Crude oil prices witnessed mixed trade on 23 January, but finished lower for the week, amid a persistent supply glut.
Brent March contract finished 27 cents, or 0.6%, higher at $48.79 a barrel on Friday. Brent rose as high as $49.80 post reports of the Saudi king's death.
The European benchmark lost 2.8% for the week on a whole.
US March contract finished 72 cents, or 1.6%, lower at $45.59 a barrel.
WTI crude fell 7.2% for the week.
TD Economics said in a note to clients: "Crude oil prices have fallen further and faster than anyone would have predicted, and are now sitting below the $50 per barrel mark.
"As such, we have downgraded our WTI price forecast, and are now calling for a lower bottom, as well as a slow recovery. We expect oil prices to average $41 per barrel during the first half of this year, before rising to an average of $53 per barrel in the second half of 2015, and $65 per barrel in 2016."
OAO Lukoil, Russia's second-largest crude producer, has stress-tested its business for oil prices falling to $25 a barrel, chief executive Vagit Alekperov told CNBC at the World Economic Forum in Davos on 23 January.
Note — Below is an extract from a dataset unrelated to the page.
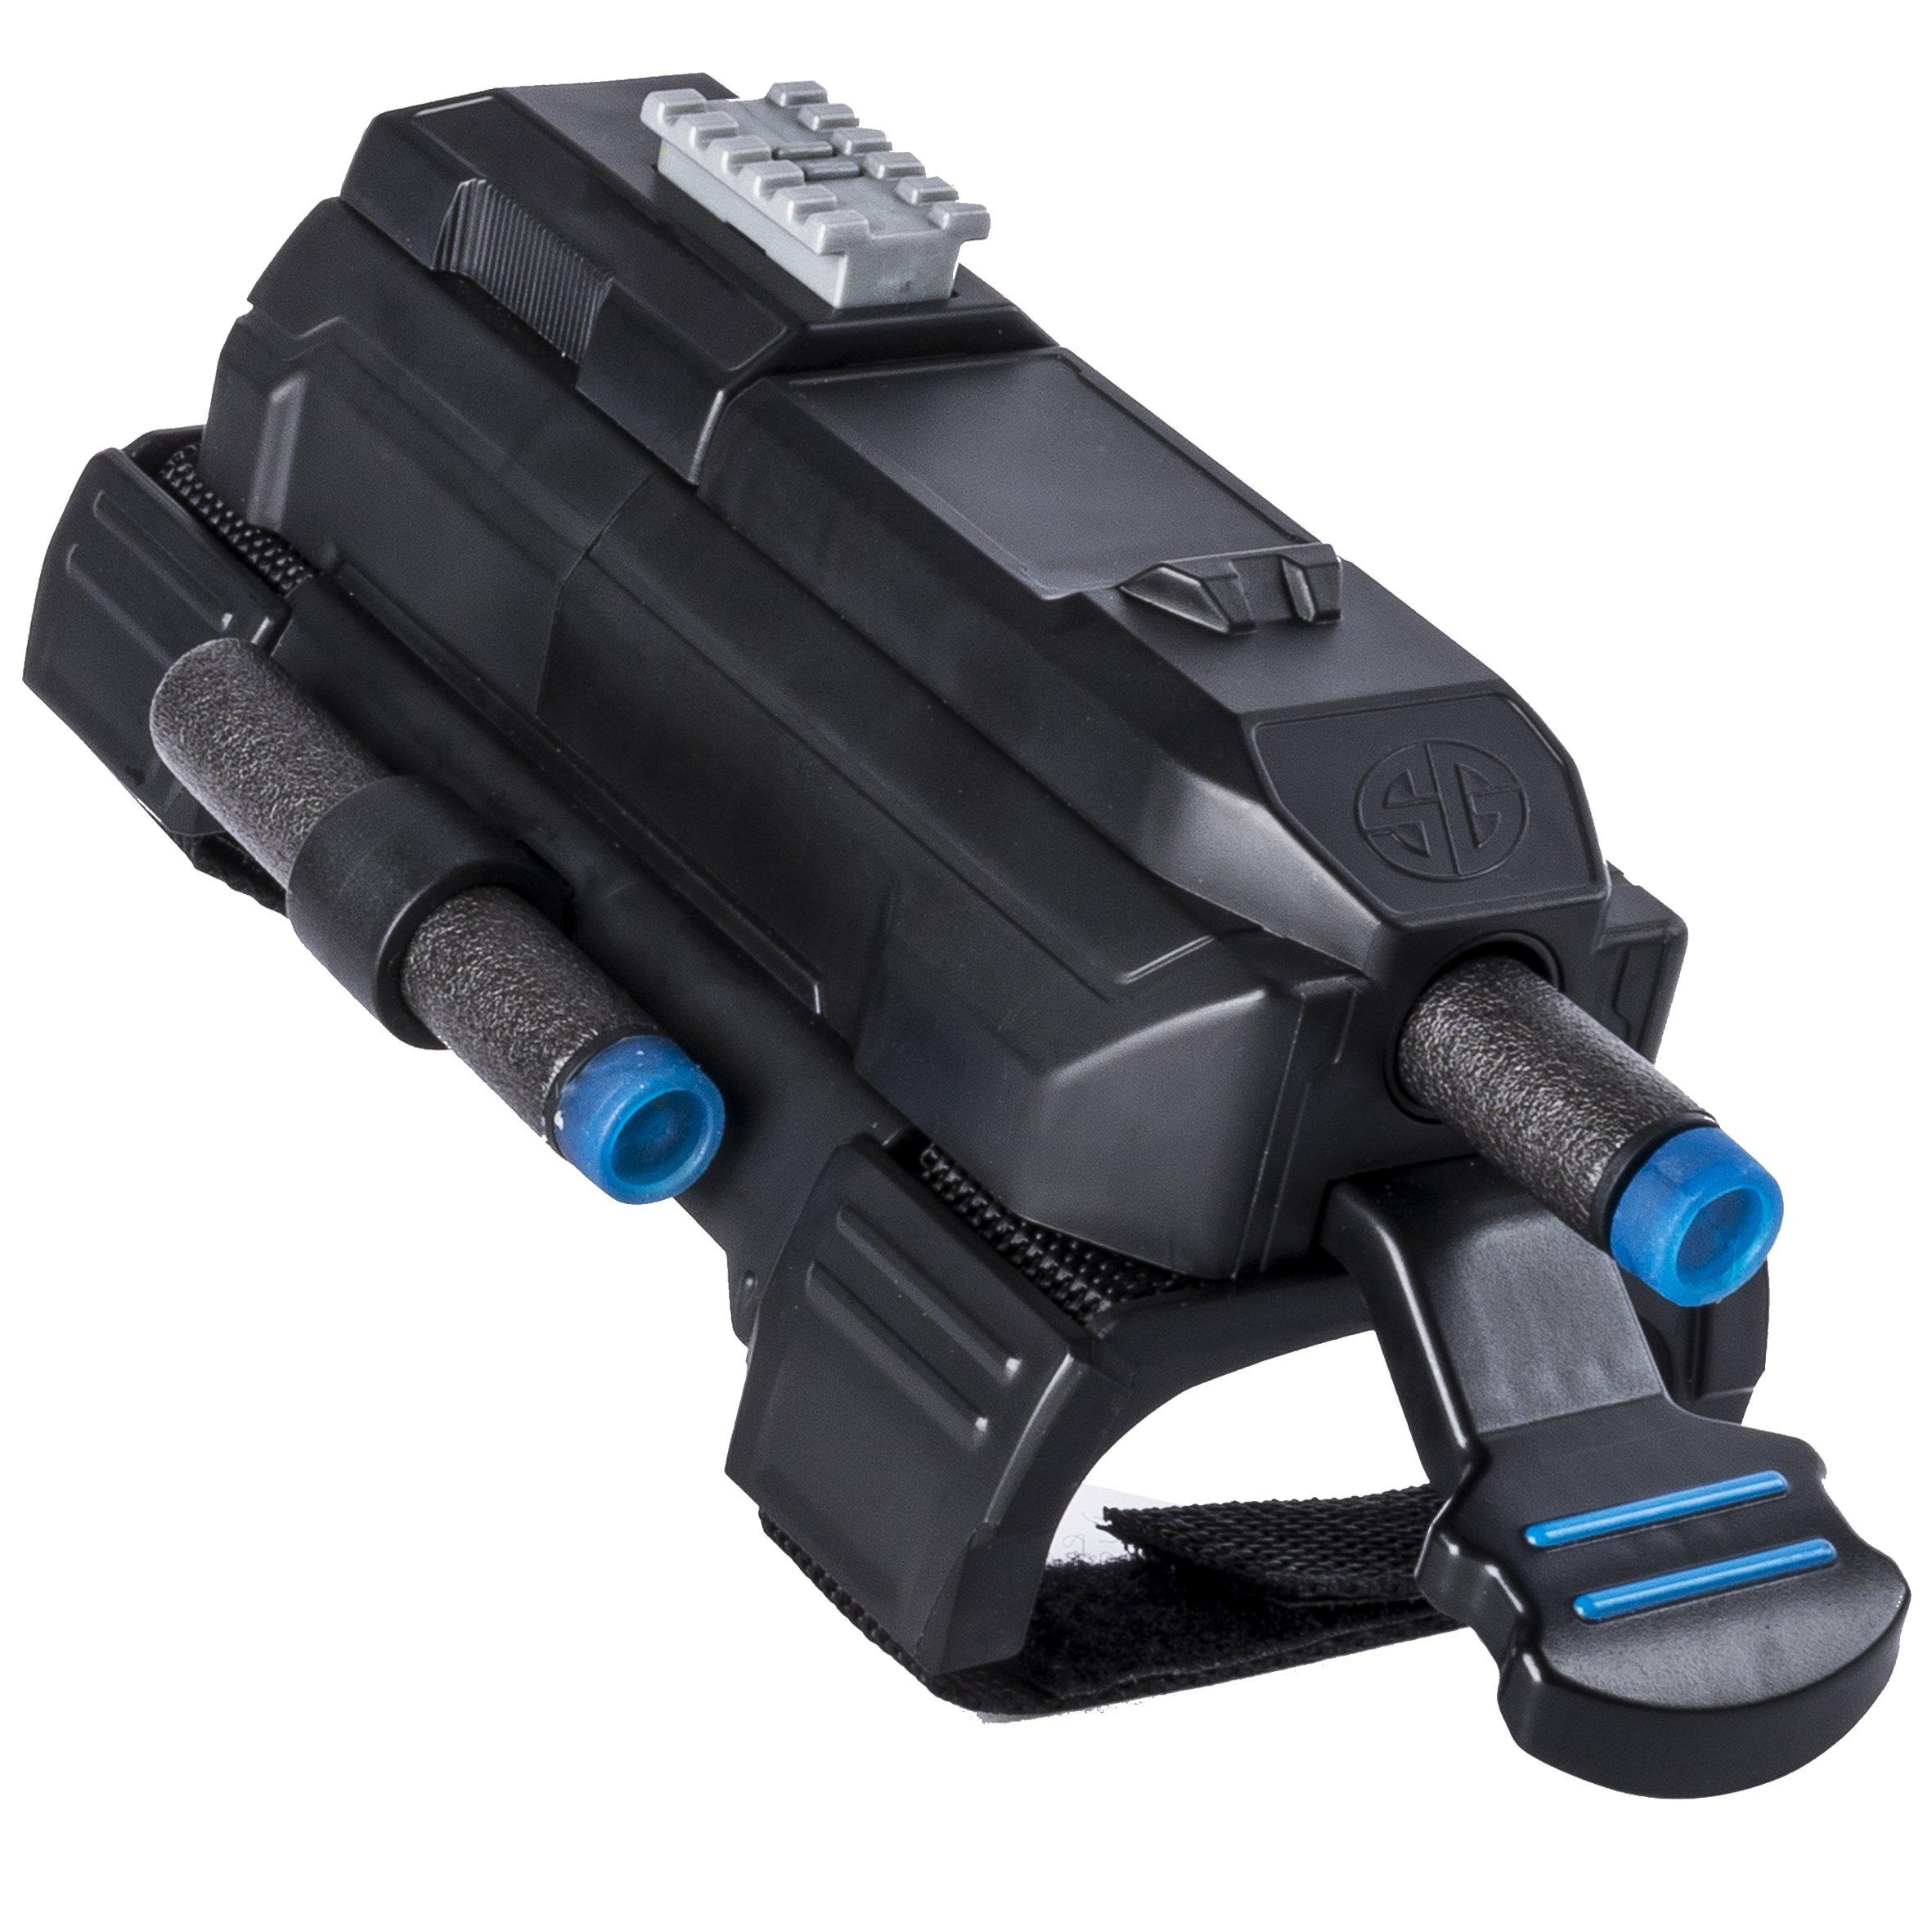 Spy Gear 6033009 Ninja Wrist Blaster by Spy Gear (Image #4)

Alekperov said: "We think that the current trends in the oil market and the global economy are only pushing the world oil to its lower levels. We think the crisis is only at its earliest stages and the demand situation in world market is not really conducive to oil prices going up."
On 22 January, US government data showed that domestic oil inventories were at an 80-year high for this time of the year. The shale oil boom has turned the world's leading oil importer into one of the top producers, pumping over nine million barrels per day.
Earlier in the week, the results of a survey of investment professionals showed that WTI crude was about $15.59 a barrel away from indicating that a global recession was unavoidable.
The survey by Convergex Group polled 306 investment professionals, and 31% of all respondents said that US crude oil prices in the $26 to $30 price range will signal that a global recession was inevitable.
Nicholas Colas, Convergex's chief market strategist, said in a statement: "...While investors say that the drop in oil prices has been a net positive thus far, their forecast is less sunny. We have here a clear warning of the impact if prices continue to fall – and our respondents think they will."